Domee Shi’s Bao Explores the Deep Connection Between Women and Dumplings

Mother holding a dumpling.

This summer, after 32 years of animated Pixar shorts, Domee Shi became the first woman ever to direct one. Her eight-minute film, Bao, can be seen in theaters before the long-awaited Incredibles 2. At surface level, the heartwarming cartoon is about a lonely mother consoled by a dumpling that comes to life, filling the aching hole in her empty nest. Many writers have praised the short for its sharp attention to cultural detail, specifically the way it both celebrates Chinese culture and unpacks the relationship between immigrant parents and Americanized children. But at the heart of this story about motherhood, there is another complex relationship to be discovered: the rich connection between women and dumplings.

The short opens on a close-up of the mother’s hands, carefully kneading, cutting, and shaping her dough into rounds that are healthily stuffed and then delicately wrapped into bao, a steamed Chinese dumpling filled with meat or vegetables. After serving her husband, who stuffs his mouth and runs off to work, the mother is left to savor her creation alone. Just before she takes a bite, she realizes that one of the dumplings has come to life as a baby bao that cries and giggles. As the dumpling baby grows up, the mother tends to it like her own child, constantly fixing its folds and keeping it full of meat stuffing.

The short isn’t only animating a recipe, but a ritual passed from mothers to daughters. “My mom and I would make dumplings together on weekends and holidays like Chinese New Year and Christmas,” Shi told me via email. “My mom learned how to make dumplings from her grandma … Dumpling making has always been an activity I’ve associated with family—you make them at home, with your mom, your aunties, your grandmas. And you’re usually doing something else while you’re folding dumplings, like watching TV, or gossiping with each other. It seemed obvious to me that dumplings were a perfect vessel to tell a story about a parent/child relationship.”

While women have been traditionally relegated to the kitchen in many cultures due to gender norms and stereotypes, it is also a place where they have power to shape tradition and manifest self-expression. In Bao, the mother uses food as a way to express her love—she always shares buns and bread with her dumpling son while they are out running errands. When he becomes a defiant teenager, she cooks a giant meal in an attempt to win back his attention. Her plan fails as he retreats to his room to eat shrimp chips and talk on the phone. The last straw comes when the dumpling tries to leave home with his new girlfriend. In a moment of desperation, the mother eats the dumpling whole. When the mother’s human son returns, she bonds with him and his fiancée over the same dumpling ritual from the beginning of the short. The fiancée’s ability to follow the dumpling “rules” allows her to connect with her mother-in-law.

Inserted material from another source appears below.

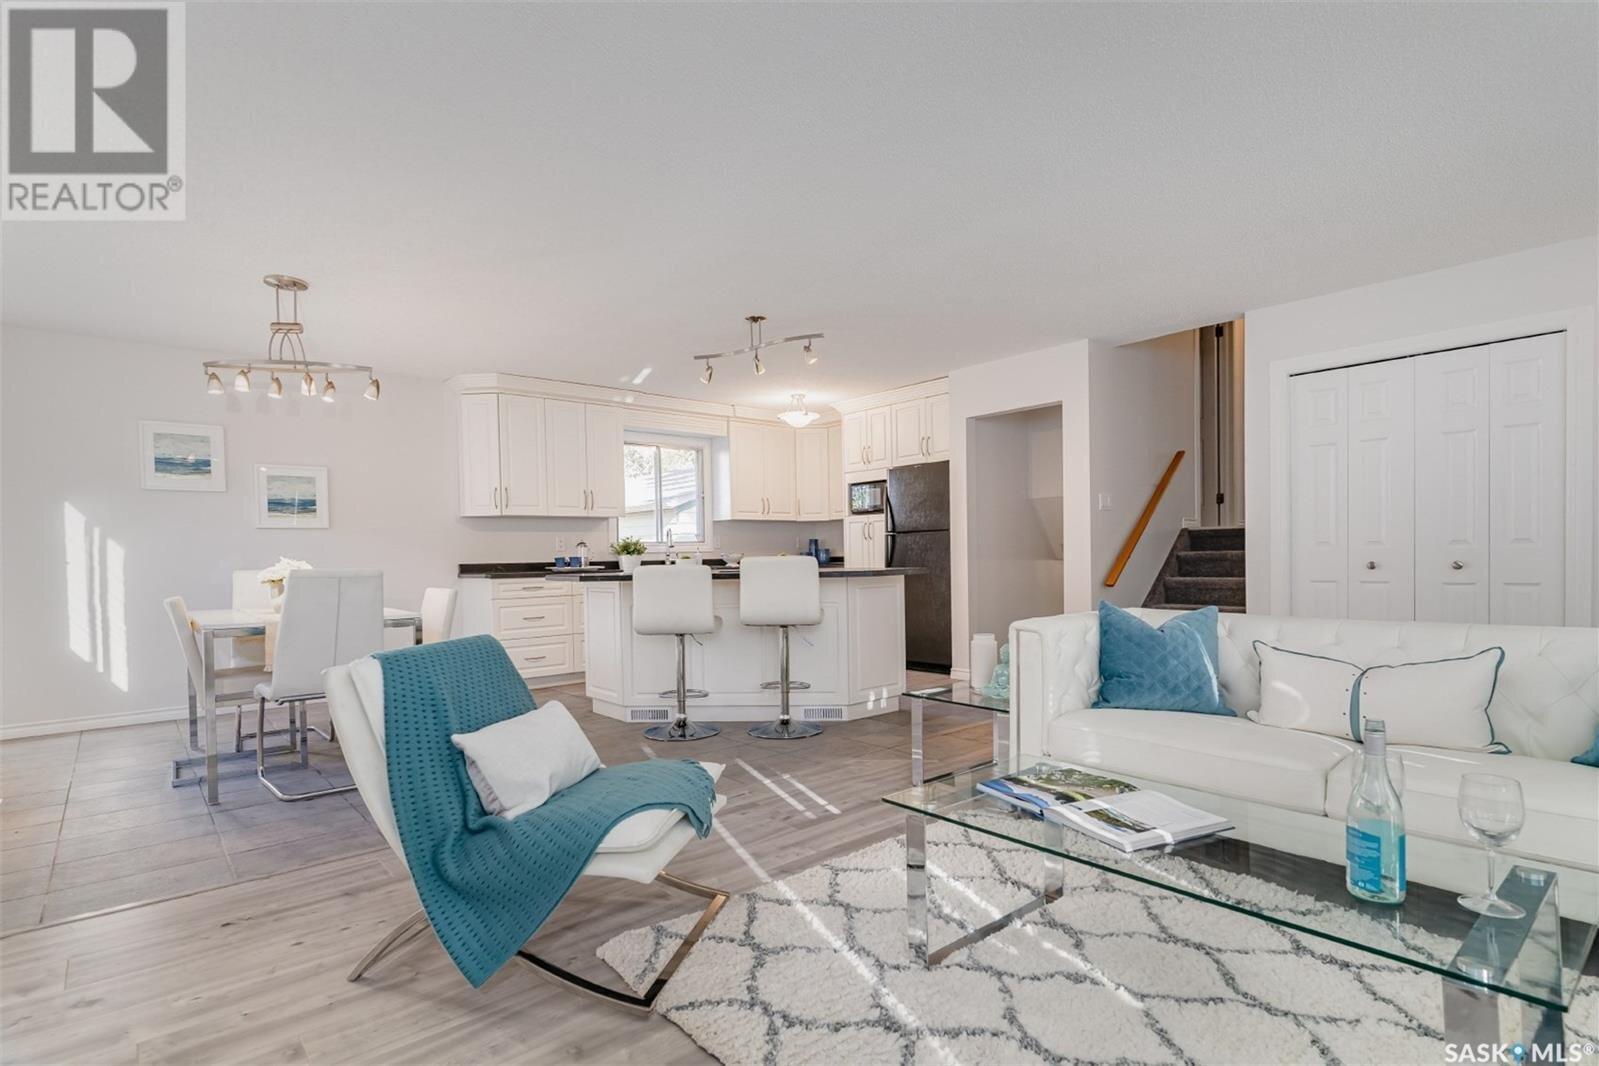 House for sale at 3727 Taylor St E Saskatoon Saskatchewan - MLS: SK833538
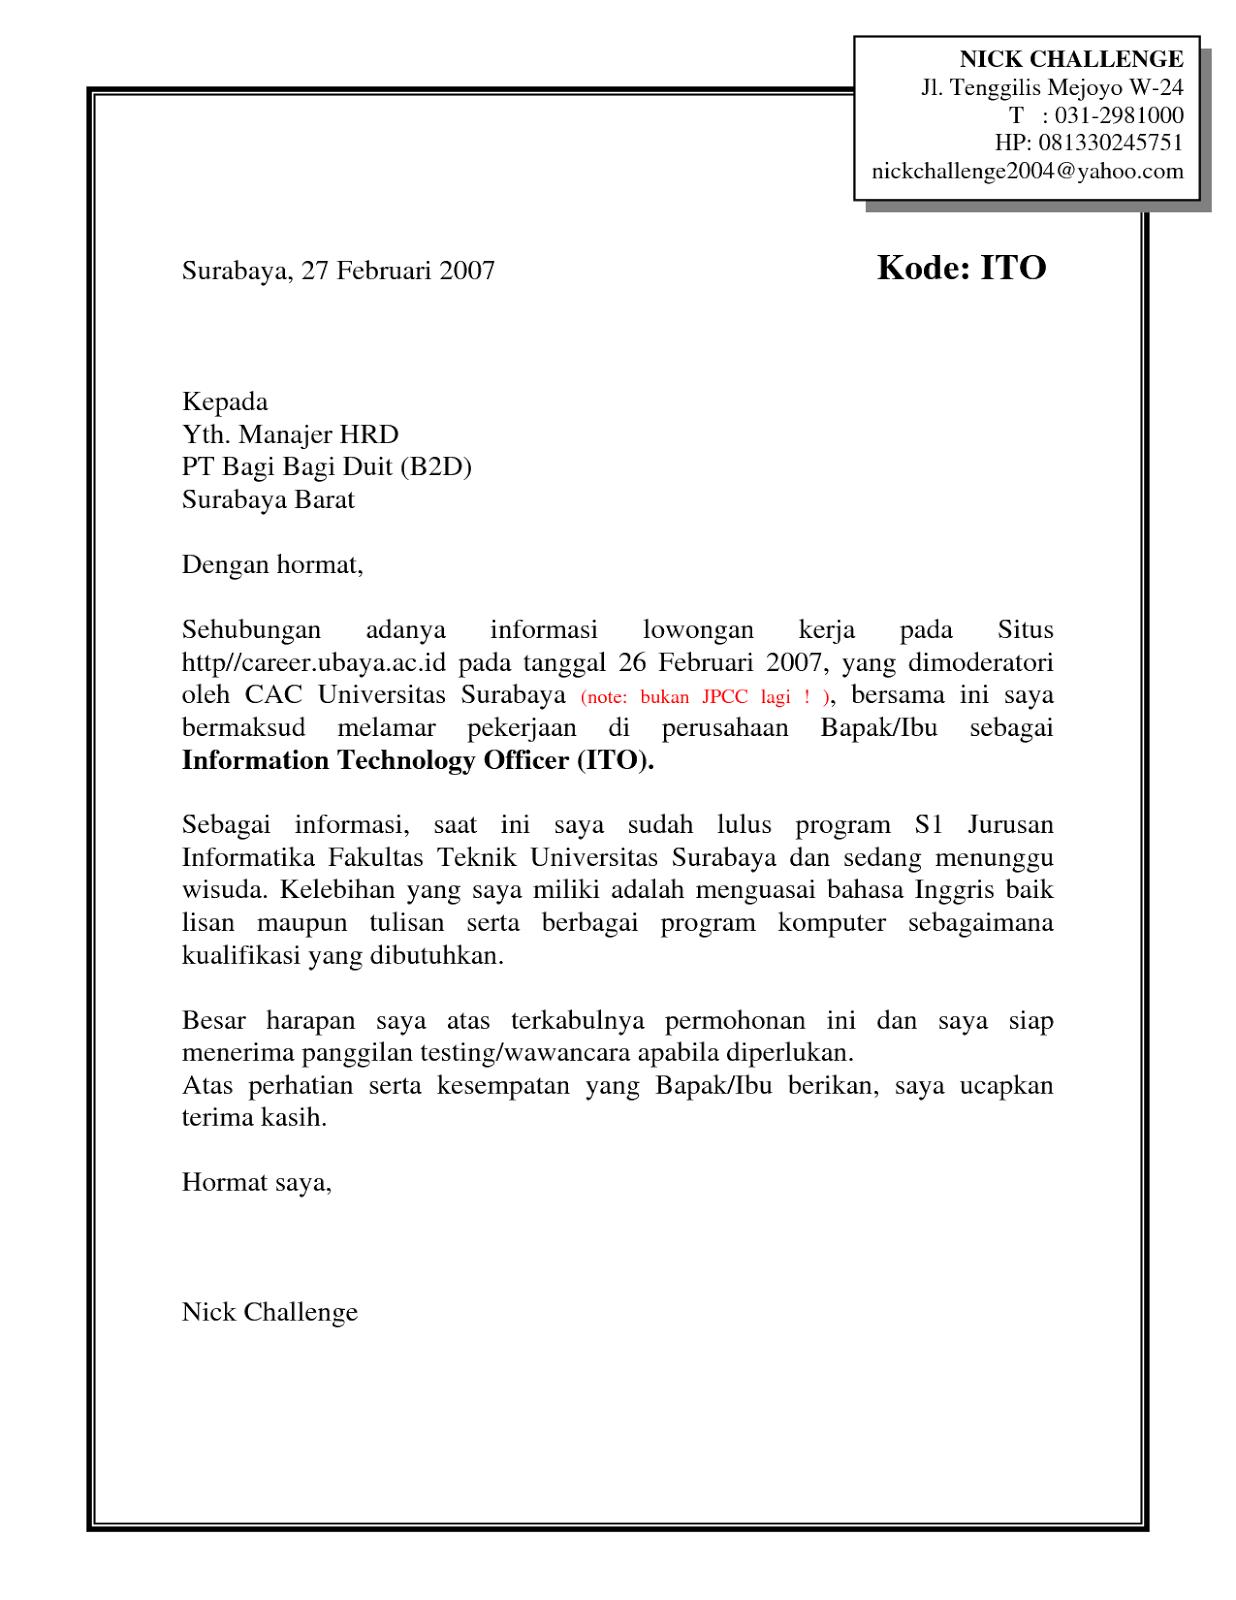 Contoh Surat Lamaran Kerja PDF - ben jobs

“There’s so many interesting rules about dumplings that I learned from my mom—like how mincing the meat with a cleaver instead of a meat grinder or food processor makes the dumplings taste better, or how there’s two ways to fold dumplings: the easy way … or the harder aka ‘better’ way,” Shi said. “Looking back, these ‘rules’ were just her way of saying that the more love and effort you put into the dumplings, the better they taste. This principle is definitely something I used in Bao, where the mom character expresses her love for her dumpling child through feeding him and cooking for him. To me, that’s how the Chinese women in my life showed they cared for me.”

This connection between women and dumplings stretches beyond Chinese culture. In the 13th century when dumplings were said to be introduced to countries in Eastern Europe, Georgians named their dumplings khinkali, after the word for woman (k’ali). In the American South, chicken and dumplings has been a beloved home food for decades. In this case, chicken and dumplings helped women get their families through tough times with comforting, filling food that stretched ingredients as far as they could go. Food writer Ronni Lundy remembers her Great-Aunt Johnnie making the dish in southeastern Kentucky.

“I am sure Johnnie was cooking chickens she had culled from the flock, and I remember they had a big flavor,” she told me. “She often cooked a huge pot with more than one bird in it, then canned the extra meat in broth and fat to be pulled out in the winter to make chicken and dumplings then.”

In 2015, Part and Parcel started a program in Britain that taught migrant women how to make Polish pierogi. The organization aims to bring women from all different communities together over dumplings to bond and make new friends in a foreign country. As the women knead and shape the dough, they also have a chance to practice their English skills in conversation together.

As mothers, daughters, sisters, grandmothers, and aunts all over the world spend time together folding and stuffing some form of dumpling, a connection is forged between the women and a beloved comfort food. Domee Shi harnessed the love and effort put into each and every dumpling, transforming the food into a meaningful parcel to carry a story about motherhood. It’s only fitting that Shi became the first woman to direct a Pixar short while bringing the special connection between women and dumplings to life.